[vcf-midatlantic] 100Mhz 6502

Christian Liendo cliendo at gmail.com
Wed Oct 13 21:30:16 UTC 2021


http://www.e-basteln.de/computing/65f02/65f02/

The 100 MHz 6502

The 6502 was the CPU in my first computer (an Apple II plus), as well as
many other popular home computers of the late 1970s and 80s. It lived on
well into the 1990s in game consoles and chess computers, mostly in its
updated “65C02” CMOS version. Here’s a re-implementation of the 65C02 in an
FPGA, in a pin-compatible format that lets you upgrade those old computers
and games to 100 MHz clock rate!

Supported host systems

Chess computers
We have focused on Mephisto chess computers first, since these are at the
center of Roland’s collector’s interest. But many others are on the
wishlist, including Fidelity (Elite A/S Budapest and Glasgow, Prestige,
Avantgarde), Novag (Super Constellation, Super Expert C), SciSys
(Turbostar), …

Mephisto MM II and B&P
Mephisto MM IV, MM V, Rebel Portoroz (MM X)
Mephisto Polgar
Mephisto Milano and Nigel Short
Mephisto Rebell 5.0
Novag Constellation Forte A/B
Chafitz ARB (various Sargon versions) and MGS


Microcomputers
So far, we are supporting the two 6502-based members of the classic 1977
“Trinity” of home computers – the Apple II and the Commodore PET series. It
may be possible and worthwhile to also support some slightly later
machines: The Acorn BBC Micro, Atari 400 and 800, and maybe the Commodore
C64 come to mind. I don’t have any of these computers though. Please
contact me if you are interested to help with an adaptation of the 65F02!

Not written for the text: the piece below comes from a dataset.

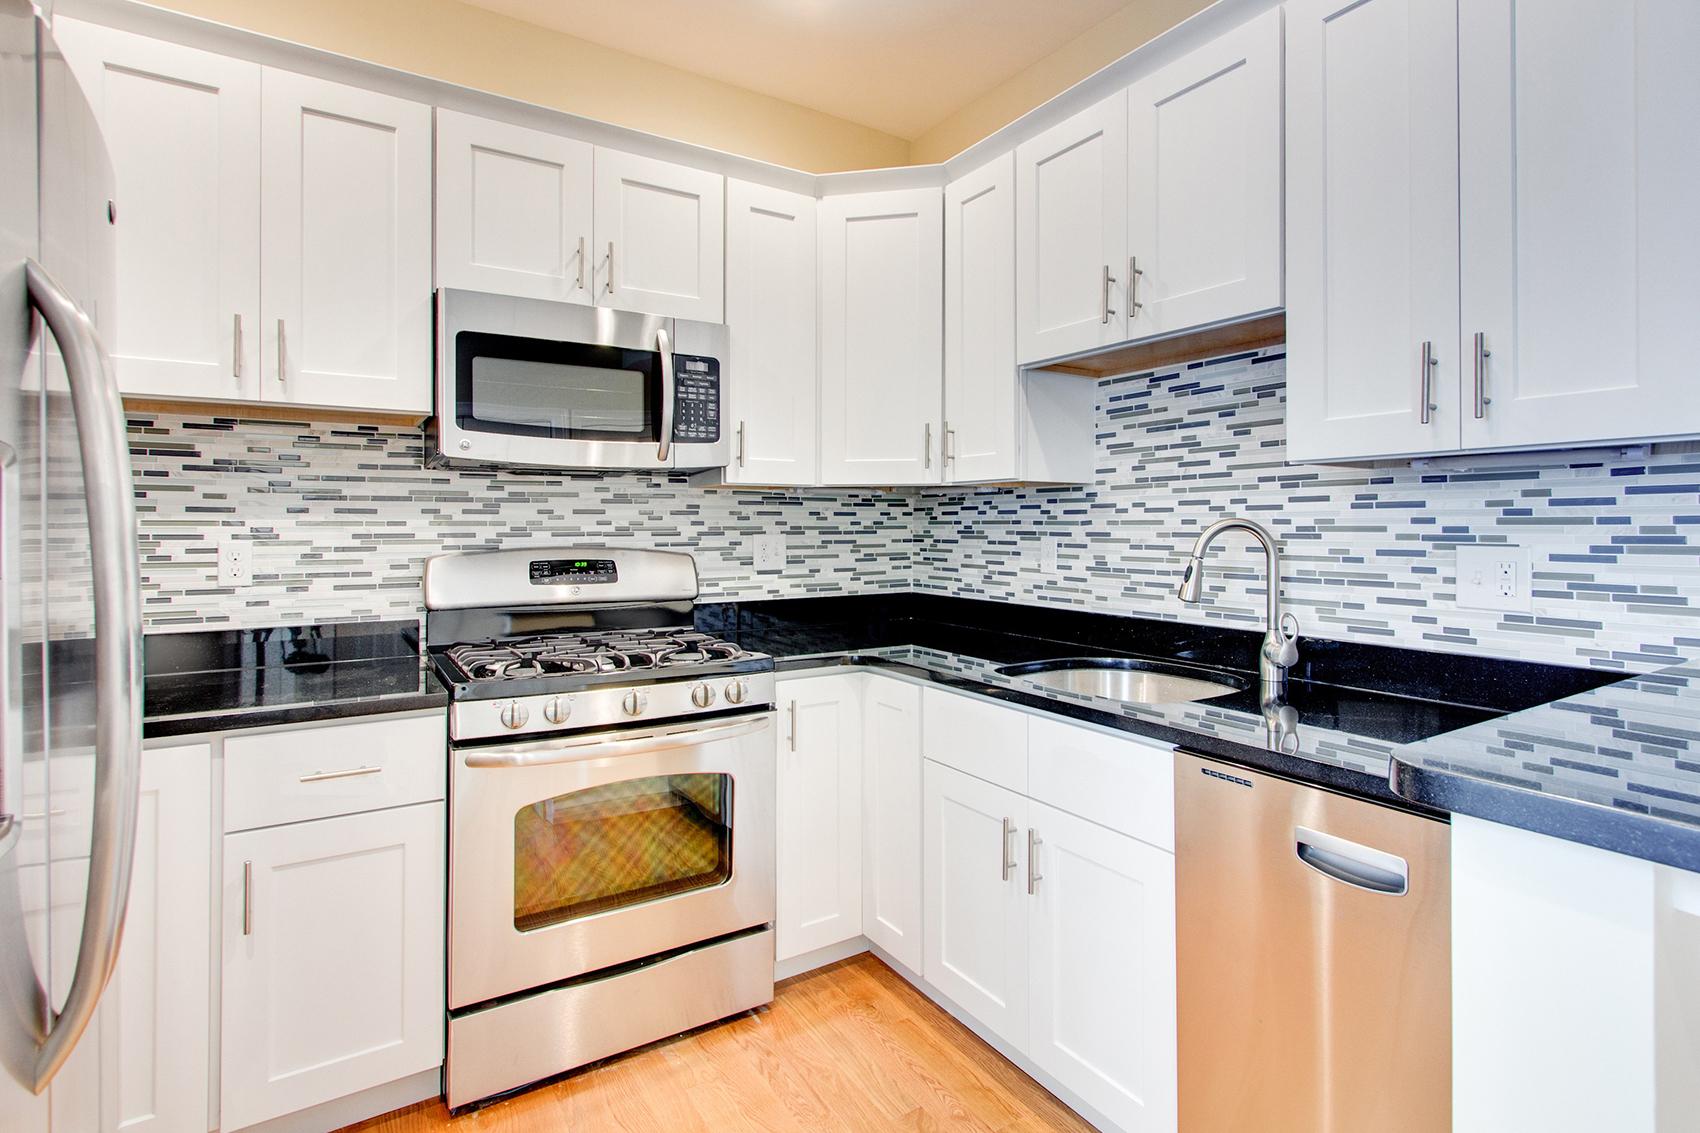 1 Day Kitchen & Bath - #1 source of granite countertops ...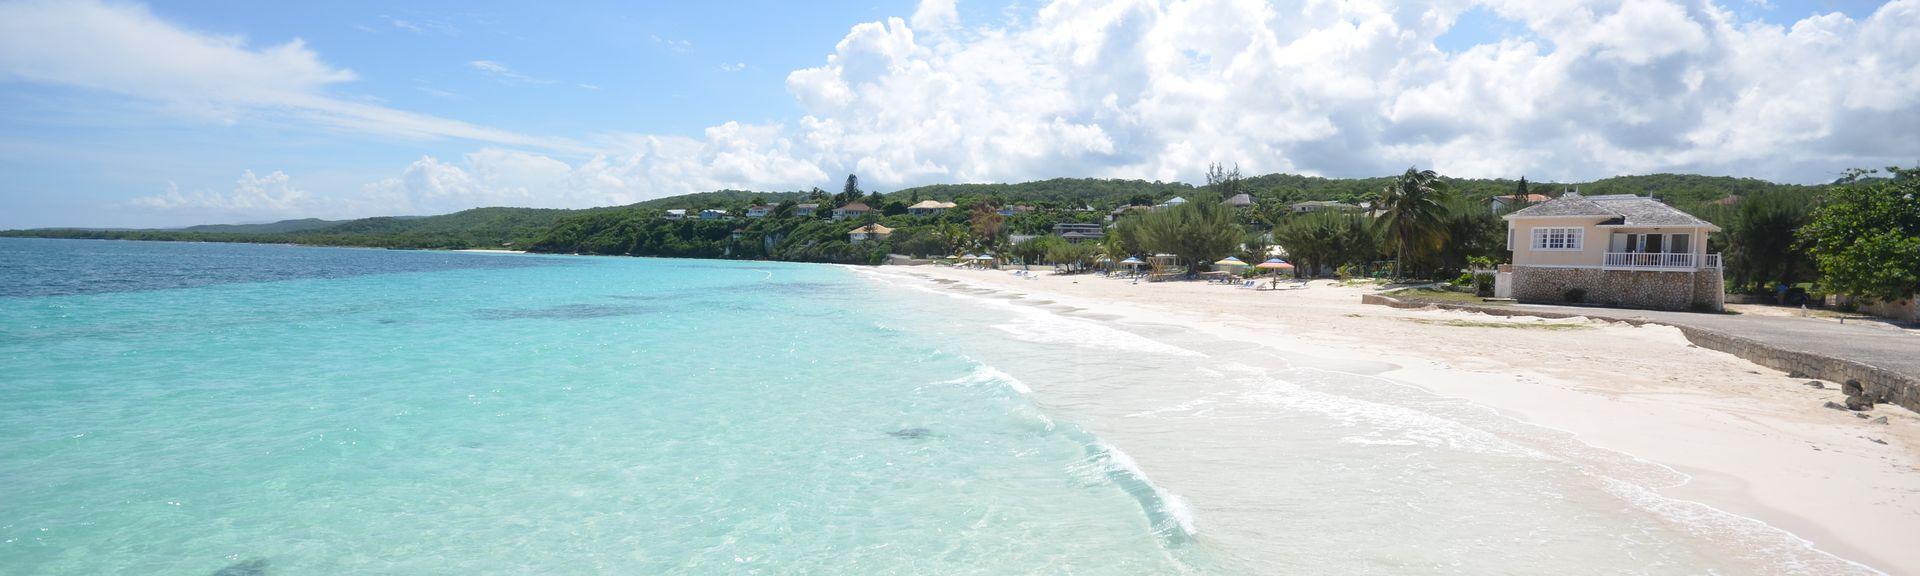 Trelawny Parish, Jamaica

Apple II, including the II plus and europlus, and presumably the //e. Quite
a bit of hardware and software trickery by Steve Wozniak, and the older
models do not support a real 65C02 – but the 65F02 is a bit more generous
in its bus timing and works nicely. The Disk II floppy drive works nicely
under DOS 3.3; support for the language card is under development.

Commodore PET/CBM up to 8032. A very clean and “by the book” design. The
same memory map should work for all models from the PET 2001, the 3000 and
4000 series, and the 8000 series up to the 8032. (But excluding the 8096
and beyond, which require memory bank switching.) So far we have tested
this on the 8032 only; the 8050 floppy drive works.

A caveat is in order here. The home computers, with their flexibility and
expandability on both the hardware and software side, are bound to
encounter limitations and incompatibilities:

Memory expansion boards and bank switching need to be known to and emulated
by the 65F02; and since the 65F02 only has 64 kByte of RAM on board, it
cannot fully accelerate the extended memory. Also, while the 65F02 makes an
effort to detect the access to time-critical peripheral devices, and switch
back to the original slow speed temporarily, there will probably be
incompatible software or add-on hardware. And finally, some software you
simply don’t want to be accelerated – try an action video game at 100 MHz
to understand that concern…

The 65F02 supports an optional hardware switch to disable the acceleration.
This way, one can still select between accelerated operation and original
speed before one starts the host computer. In non-accelerated mode, the
65F02 should be fully compatible with any software or add-on hardware.